Transforms exceptions with a function, doing nothing on successful results.

Examples:

• (pure 2 : Except String Nat).mapError (·.length) = pure 2
• (throw "Error" : Except String Nat).mapError (·.length) = throw 5

@[inline]

def Except.bind {ε : Type u} {α : Type u_1} {β : Type u_2} (ma : Except ε α) (f : α → Except ε β) : Except ε β

Sequences two operations that may throw exceptions, allowing the second to depend on the value returned by the first.

If the first operation throws an exception, then it is the result of the computation. If the first succeeds but the second throws an exception, then that exception is the result. If both succeed, then the result is the result of the second computation.

This is the implementation of the >>= operator for Except ε.

@[inline]

def Except.toBool {ε : Type u} {α : Type u_1} : Except ε α → Bool

Returns true if the value is Except.ok, false otherwise.

@[reducible, inline]

abbrev Except.isOk {ε : Type u} {α : Type u_1} : Except ε α → Bool

Returns true if the value is Except.ok, false otherwise.

@[inline]

def Except.toOption {ε : Type u} {α : Type u_1} : Except ε α → Option α

Returns none if an exception was thrown, or some around the value on success.

Examples:

• (pure 10 : Except String Nat).toOption = some 10
• (throw "Failure" : Except String Nat).toOption = none

@[inline]

def Except.tryCatch {ε : Type u} {α : Type u_1} (ma : Except ε α) (handle : ε → Except ε α) : Except ε α

Handles exceptions thrown in the Except ε monad.
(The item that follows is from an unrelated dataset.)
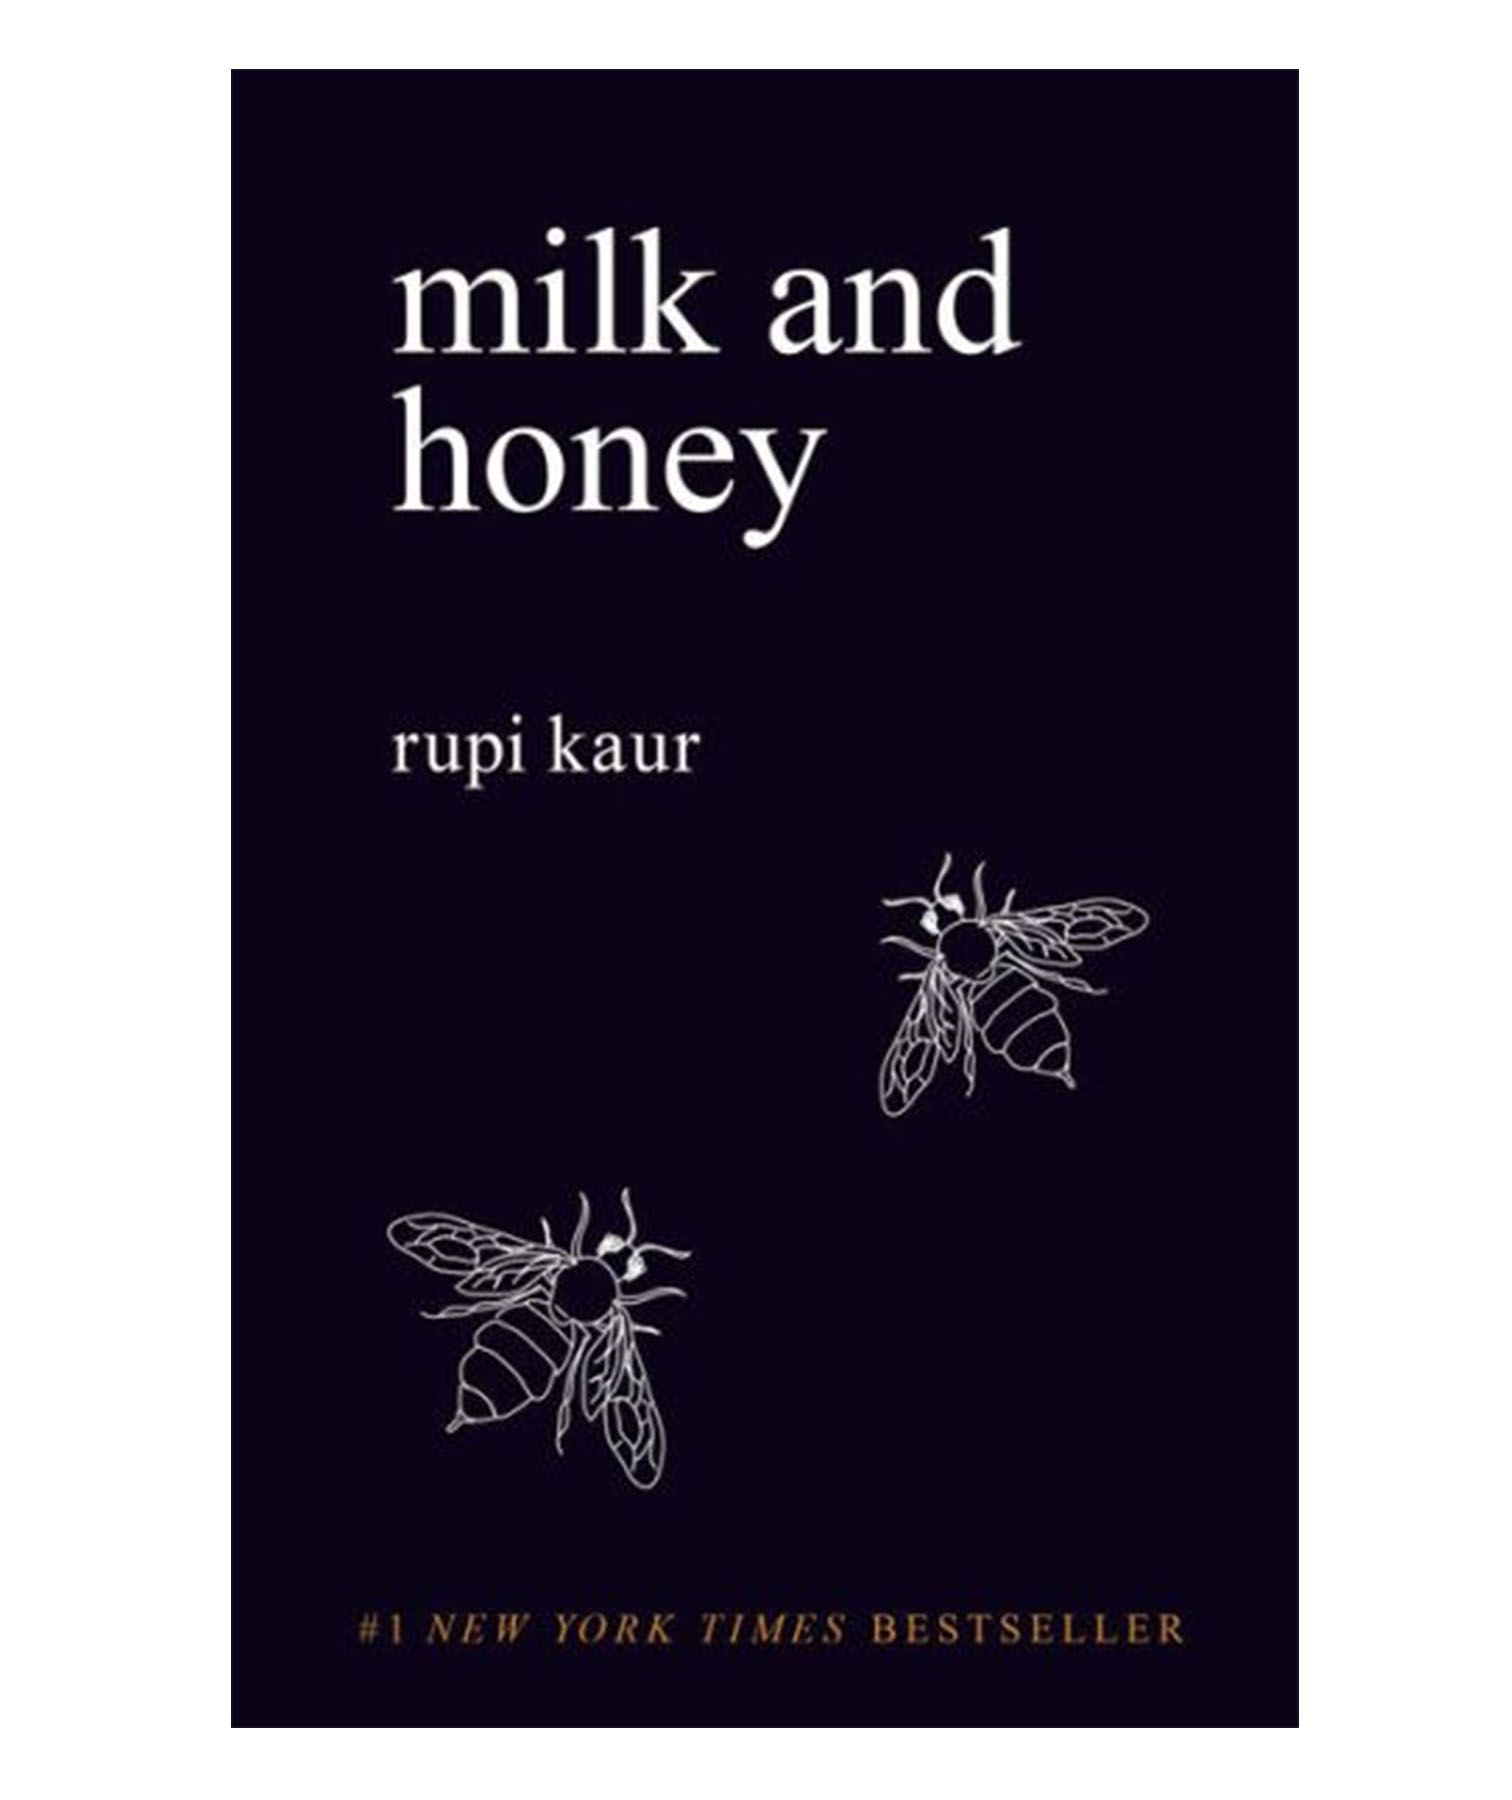 Knjiga o mlijeku i medu

If ma is successful, its result is returned. If it throws an exception, then handle is invoked on the exception's value.

Examples:

• (pure 2 : Except String Nat).tryCatch (pure ·.length) = pure 2
• (throw "Error" : Except String Nat).tryCatch (pure ·.length) = pure 5
• (throw "Error" : Except String Nat).tryCatch (fun x => throw ("E: " ++ x)) = throw "E: Error"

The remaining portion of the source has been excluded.